Beginning analysis at Fri Sep 17 13:38:57 2021
Reading summary statistics from AD.sumstats.gz ...
Read summary statistics for 1150200 SNPs.
Reading reference panel LD Score from /home/hao/Software/ldsc/pre-computed_Eu_GWAS/eur_w_ld_chr/[1-22] ... (ldscore_fromlist)
Read reference panel LD Scores for 1290028 SNPs.
Removing partitioned LD Scores with zero variance.
Reading regression weight LD Score from /home/hao/Software/ldsc/pre-computed_Eu_GWAS/eur_w_ld_chr/[1-22] ... (ldscore_fromlist)
Read regression weight LD Scores for 1290028 SNPs.
After merging with reference panel LD, 1145016 SNPs remain.
After merging with regression SNP LD, 1145016 SNPs remain.
Using two-step estimator with cutoff at 30.
Total Observed scale h2: 0.0676 (0.0126)
Lambda GC: 1.0926
Mean Chi^2: 1.1144
Intercept: 1.0416 (0.0076)
Ratio: 0.3638 (0.0661)
Analysis finished at Fri Sep 17 13:39:06 2021
Total time elapsed: 8.79s

Any insights into these results?
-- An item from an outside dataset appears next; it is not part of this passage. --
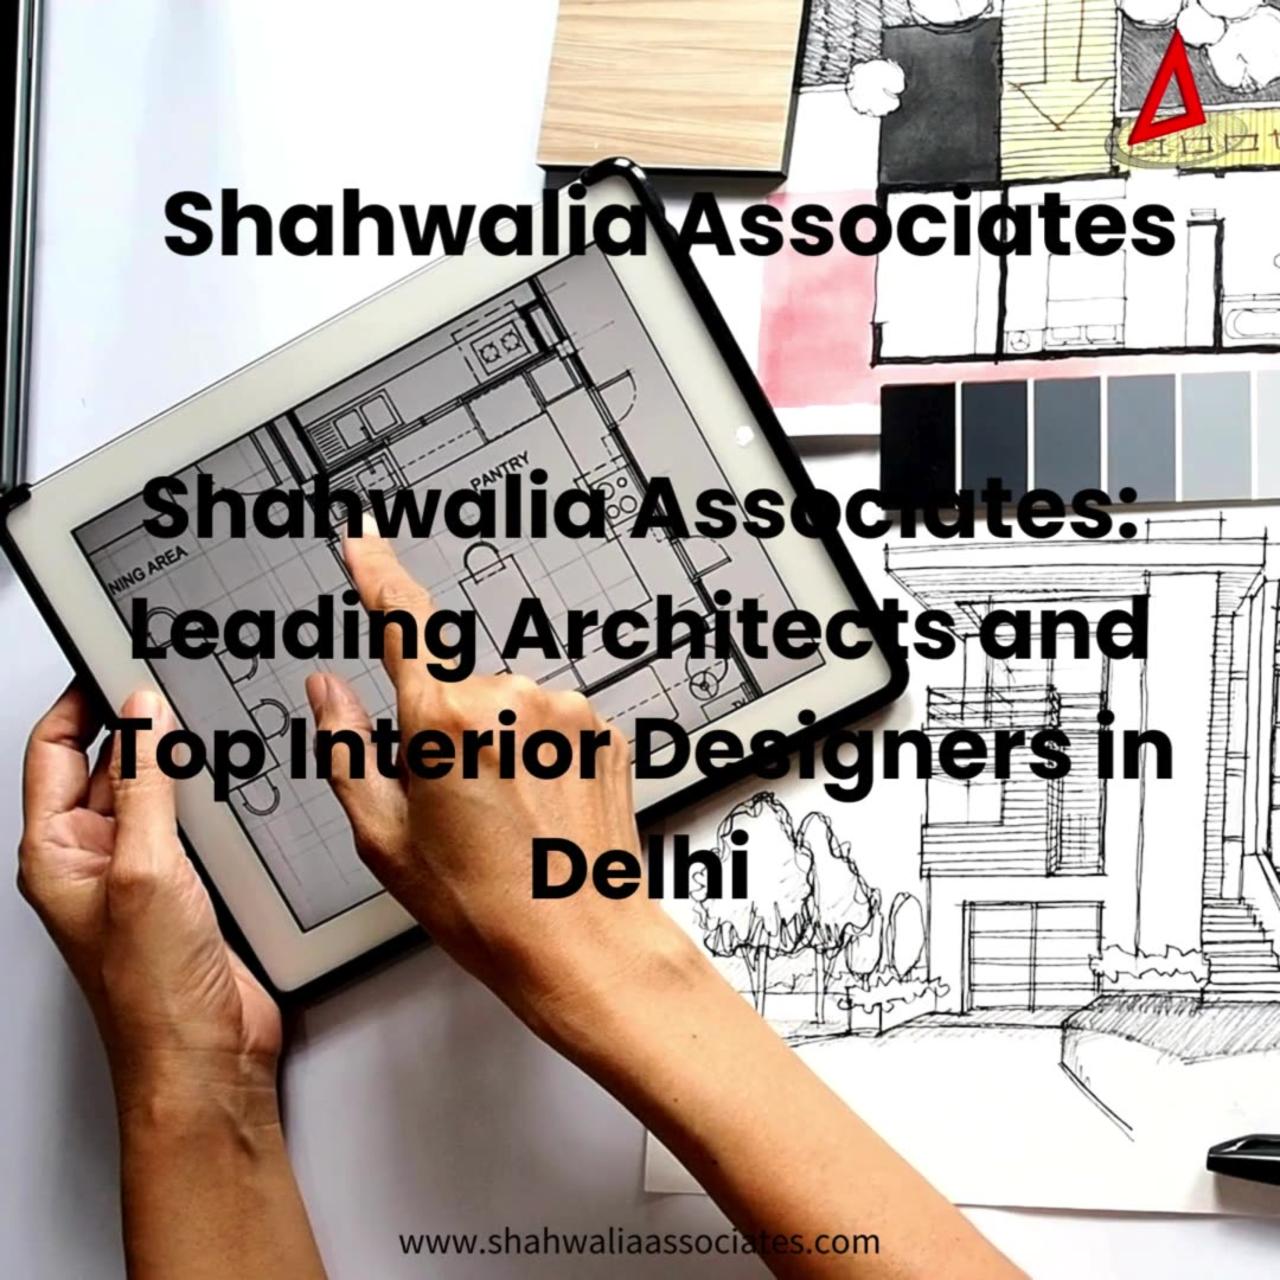 Architects in Delhi Best Interior Designers in Delhi Shahwalia Associates.

My sample size is large enough: N > 18K

anbai106 commented 2 years ago

I am wondering if there are people maintaining this wonder software :)

lcpilling commented 2 years ago

I've been encountering this same issue recently (large rG values but wide SEs). The 'problem' is that if either or both traits have low heritability then the rG estimate is inherently unstable. In your case the H2 estimate for brain volume is not significantly different from zero (h2=0.0144, se=0.026, therefore p=0.58). It would be helpful if LDSC flagged this in the output more explicitly. In the munge step you get a warning that mean chi^2 may be too small but easy to miss. Does seem surprising it would not be significantly different to zero (quantitative trait in 18,000 people?). Not SNPs p<5*10-8 though?